The space ${\cal S}$ does not have to be finite-dimensional. However since every vector space with a scalar product can be embedded into a Hilbert space (see below for a definition) we can assume that it is Hilbert.

The transformation $\Phi$ is of no particular importance to us. Once we know the kernel $ {\cal K}$, we can perform regression with it. A justification for the ridge regression in the kernel case will be obtained below in Subsection 5.3.

1.6  Mappings and Kernels

It would be nice to have a characterisation of all $ {\cal K}$ without a reference to $\Phi$. A characterisation of this kind can be given.

It is easy to see that $ {\cal K}(x_1,x_2)=\langle\Phi(x_1),\Phi(x_2)\rangle$ has the following properties:

  • it is symmetric: $ {\cal K}(x_1,x_2)= {\cal K}(x_2,x_1)$ for all $x_1,x_2\in X$; this follows from the symmetry of the scalar product $\langle\cdot,\cdot\rangle$;
  • it is positive semi-definite: for every positive integer $T$ and every $x_1,x_2,\ldots,x_T\in X$ the matrix
    $$ K=\begin{pmatrix} {\cal K}(x_1,x_1) & {\cal K}(x_1,x_2) &\ldots& {\cal K}(x_1,x_T)\\ {\cal K}(x_2,x_1) & {\cal K}(x_2,x_2) &\ldots& {\cal K}(x_2,x_T)\\ \vdots                 &\vdots                 &\ddots&\vdots\\ {\cal K}(x_T,x_1) & {\cal K}(x_T,x_2) &\ldots& {\cal K}(x_T,x_T) \end{pmatrix} $$
    is positive semi-definite 5; indeed, $K$ is the Gram matrix of the images $\Phi(x_1),\Phi(x_2),\ldots,\Phi(x_T)$ 6.

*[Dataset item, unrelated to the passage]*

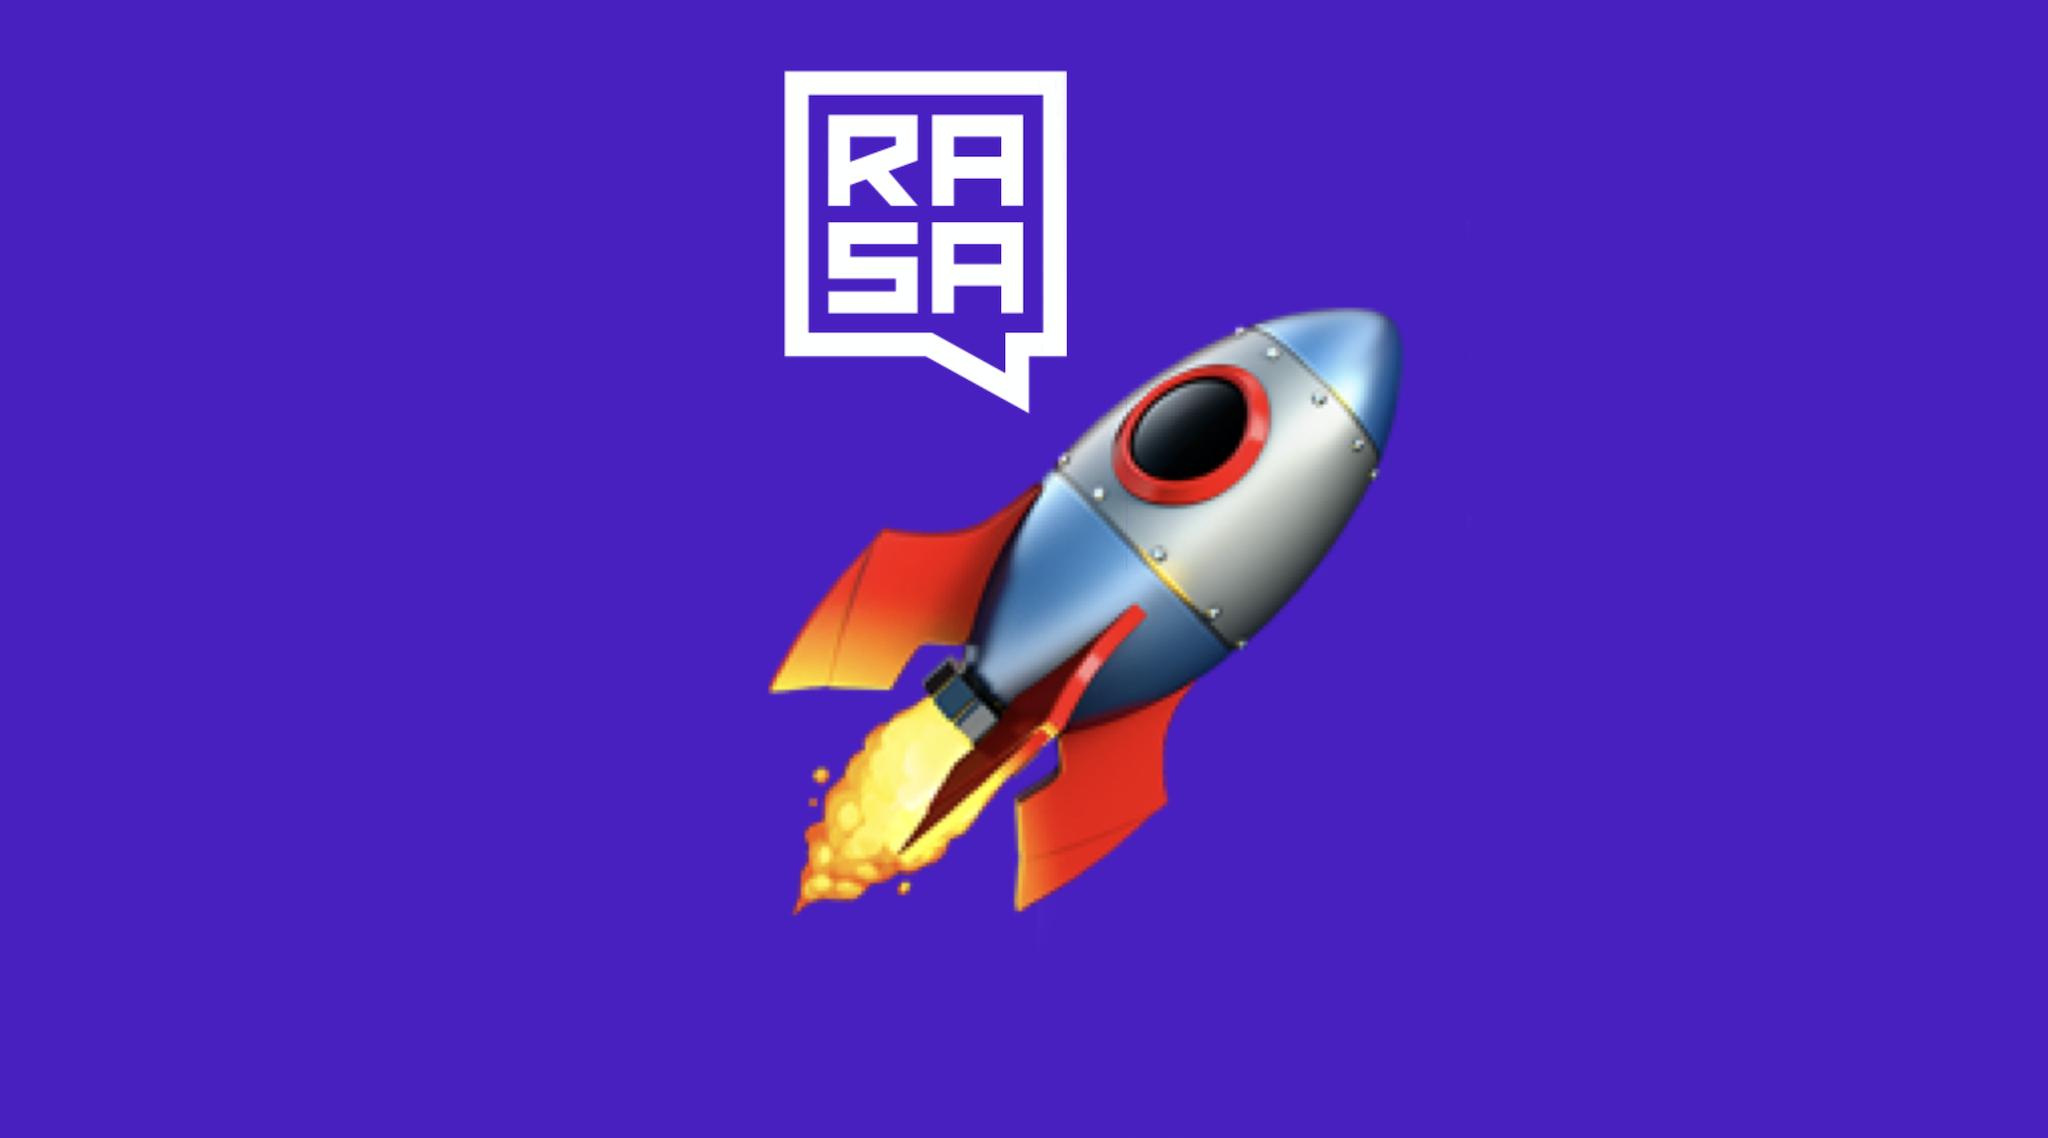 Understanding Rasa Deployments

Surprisingly these two simple properties are sufficient. Let us call a function $ {\cal K}: X^2\to\mathbb R$ satisfying these two properties a kernel. Then the following theorem can be formulated.

Theorem 1. For any set $X$ a function $ {\cal K}: X^2\to\mathbb R$ is a kernel, i.e., it is symmetric and positive semi-definite, if and only if there is a mapping $\Phi$ from $X$ into a Hilbert space $ {\cal H}$ with a scalar product $\langle\cdot,\cdot\rangle$ such that $ {\cal K}(x_1,x_2)=\langle\Phi(x_1),\Phi(x_2)\rangle$ for all $x_1,x_2\in X$.

We proved the "if" part when we defined kernels. The "only if" part follows from the results of the next sections, where we will show that the class of kernels coincides with the class of so called reproducing kernels.

2.  Reproducing Kernel Hilbert Spaces

In this section we introduce reproducing kernel Hilbert spaces (RKHS) and show some of their basic properties. The presentation is based mainly on [Aronszajn, 1943] and [Aronszajn, 1950] and the reader may consult these papers for more details; note that the former paper is in French.

2.1  Hilbert Space

A set of some elements $H$ is a Hilbert space if

  1. $H$ is a vector space over $\mathbb R$ (Hilbert spaces over the complex plain $ {\mathbb C}$ can also be considered, but we shall restrict ourselves to $\mathbb R$ in this article);
  2. $H$ is equipped with a scalar product $\langle\cdot,\cdot\rangle$ (i.e., with a symmetric positive definite bilinear form);
  3. $H$ is complete w.r.t. the metric generated by the scalar product, i.e., every fundamental sequence of elements of $H$ converges.

Some authors require a Hilbert space to be separable, t.e., to have a countable dense subset. For example, [Aronszajn, 1943] reserves the name "Hilbert". We shall not impose this requirement by default.

As a matter of fact all separable Hilbert spaces are isomorphic (the situation is similar to that with finite-dimensional spaces; the separable Hilbert space is "countable-dimensional").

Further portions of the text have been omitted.